Nearly 14,000 of our supporters emailed their MPs to demand action on reproductive rights, adding to the wave of pressure that helped make today’s progress possible.
But this is only the first step. As Stella Creasy MP proposed in an amendment backed by many MPs, grassroots campaigners and women, England and Wales must be brought into line with Northern Ireland, which voted to decriminalise abortion completely in 2019.
Antoniazzi’s amendment would leave both the partners of women and the professionals who help with their healthcare threatened with prosecution under Victorian laws. It offers no protection to people providing advice and assistance remotely. And it does nothing to safeguard buffer zones around clinics that protect people seeking care from harassment and intimidation.

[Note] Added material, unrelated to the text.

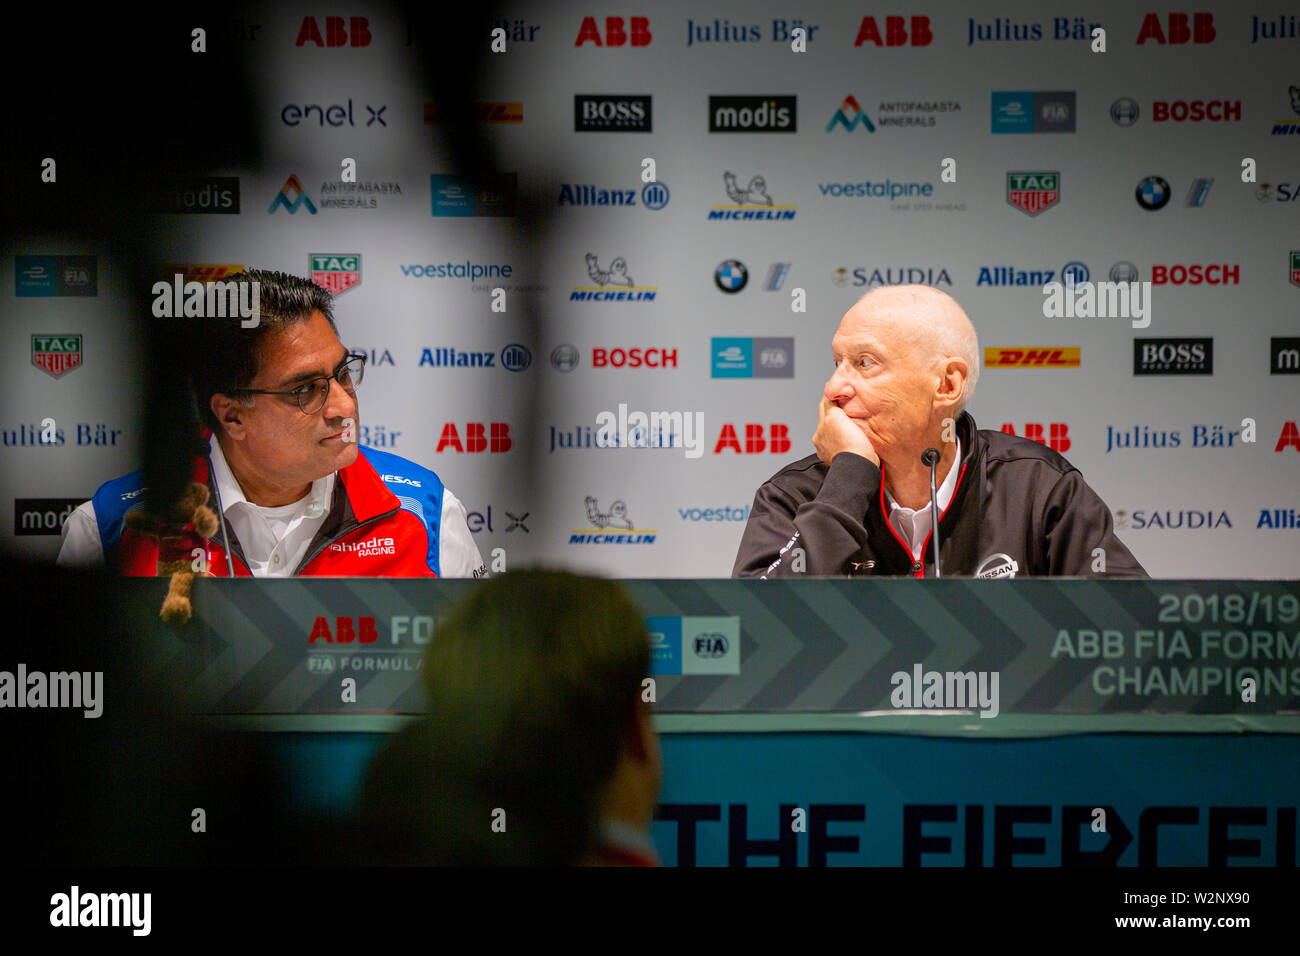 Mahindra Racing Team Manager Dilbagh Gill und Nissan e. dams Team Manager Jean-paul Driot auf einer Pressekonferenz im Vorfeld der ABB FIA Formel E Rennen in Bern. Stockfoto

By embedding abortion care as a human right, Creasy’s amendment would make it impossible for a future government to take away these rights without democratic consent and full legislative process. That’s why we’re backing her as she fights on for full decriminalisation.
Katrina McDonnell, a campaigns manager at Good Law Project, welcomed the result as “an important victory for the sector”, but added that “it’s not enough”.
“Even if this amendment becomes law,” McDonnell said, “medics couldn’t offer the same care as in Northern Ireland without risking jail. Partners and health professionals are still menaced by laws that are hopelessly out of date.
“With Nigel Farage MP riding high in the polls and the far right waging war on reproductive rights all around the world, we need to make sure our right to make decisions about our families and our bodies is enshrined in law.”
The fight is far from over. We’ll keep up the pressure until abortion is fully decriminalised and our rights are written into law – for everyone.